Most people are often unaware of how income taxes really work. They know that the government uses these taxes to spend on public utilities and programs that would benefit its citizens, but many claim ignorance when it comes down to how income taxes are processed. Income taxes, although the bane of most citizens’ existence, should be understood about how this affects most law-abiding residents of the country.
When delving into how income taxes really work, many assume that the process starts with the filing of income tax forms. This is not the case; the process actually starts when a person is officially hired by a company. During this period, both the employer and the prospective employee agree on the latter’s current wages, and sign an agreement to that effect.
Once the person is hired, he has to fill out his tax forms, especially the W-4 form, which lists down his salary information, and number of children or dependents. This is then given to the employer, so that he would know how much he would need to take away from his employee’s paycheck for the income tax.
Now that a set amount for the employee’s salary has been made, the income tax he would need to provide for can now be deducted. Starting with his gross income, which includes his current income, interest and other wage benefits, adjustments are then subtracted. This may include retirement plans taken, alimony, and self-employment taxes. The difference is now termed as the adjustment gross income.
From here, the adjustment gross income is further subtracted by any personal expenses and exemptions made, and by either standard or itemized deductions. Standard deductions are a set amount by the Internal Revenue Service, while itemized deductions include charity contributions, medical and dental expenses, home mortgage interests, and any state and local taxes incurred. The resulting amount is now the employee’s taxable income.

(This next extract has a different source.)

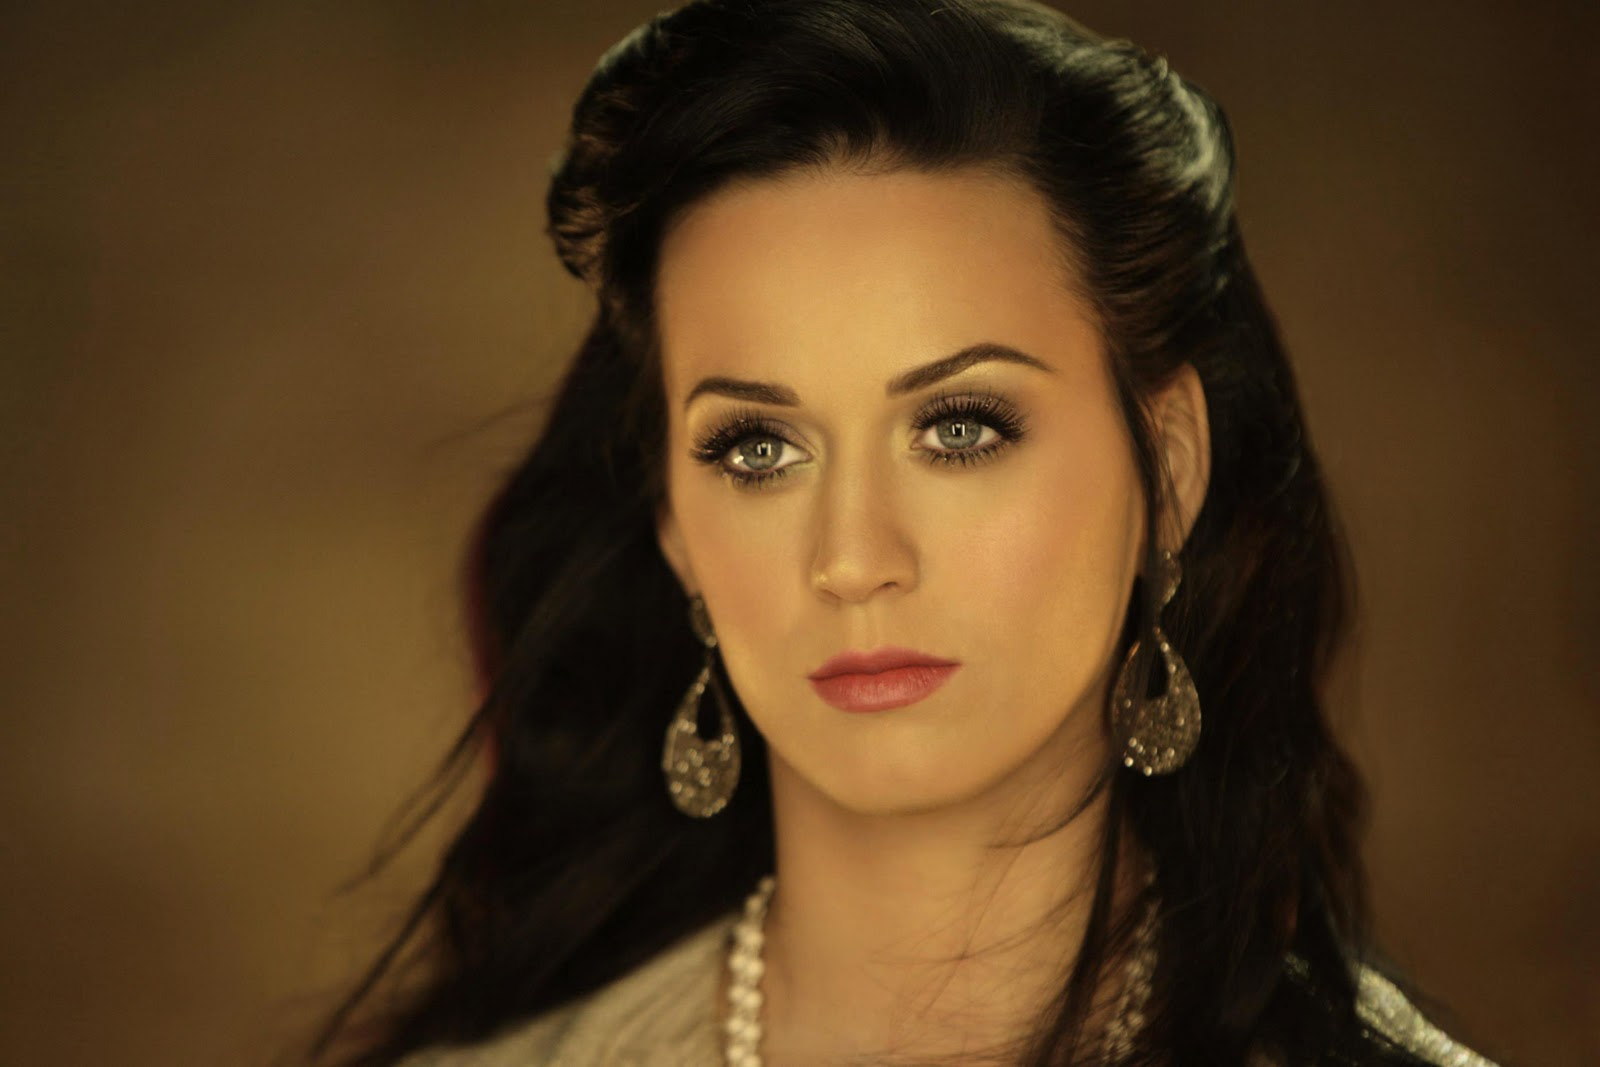 Alana dante famous singer stolen home sex video 3

The main gist of how income taxes really work falls under the next process. If the overall taxable income is less than $100,000, the IRS tax tables should be used to check for the amount that the employee would need to pay based on his income bracket. If it is more than $100,000, then the employee should instead check the IRS tax rate schedules. The taxable income in these charts will indicate the person’s gross tax liability. From this gross tax liability, credits such as expenses for child care should be subtracted further. The result would be the net tax, which is the amount of money that would be required by the employee to pay.
Every time wage salary pay checks are given to its employees, the company also computes for these net taxes of all its workers, and then deposits the money in the federal reserve bank. The government uses the money deposited here for their budget.
These processes explain how income taxes really work; now that it has the money acquired form these income taxes, the government is now able to plan their budget and determine government spending based on the amount its citizens have provided for.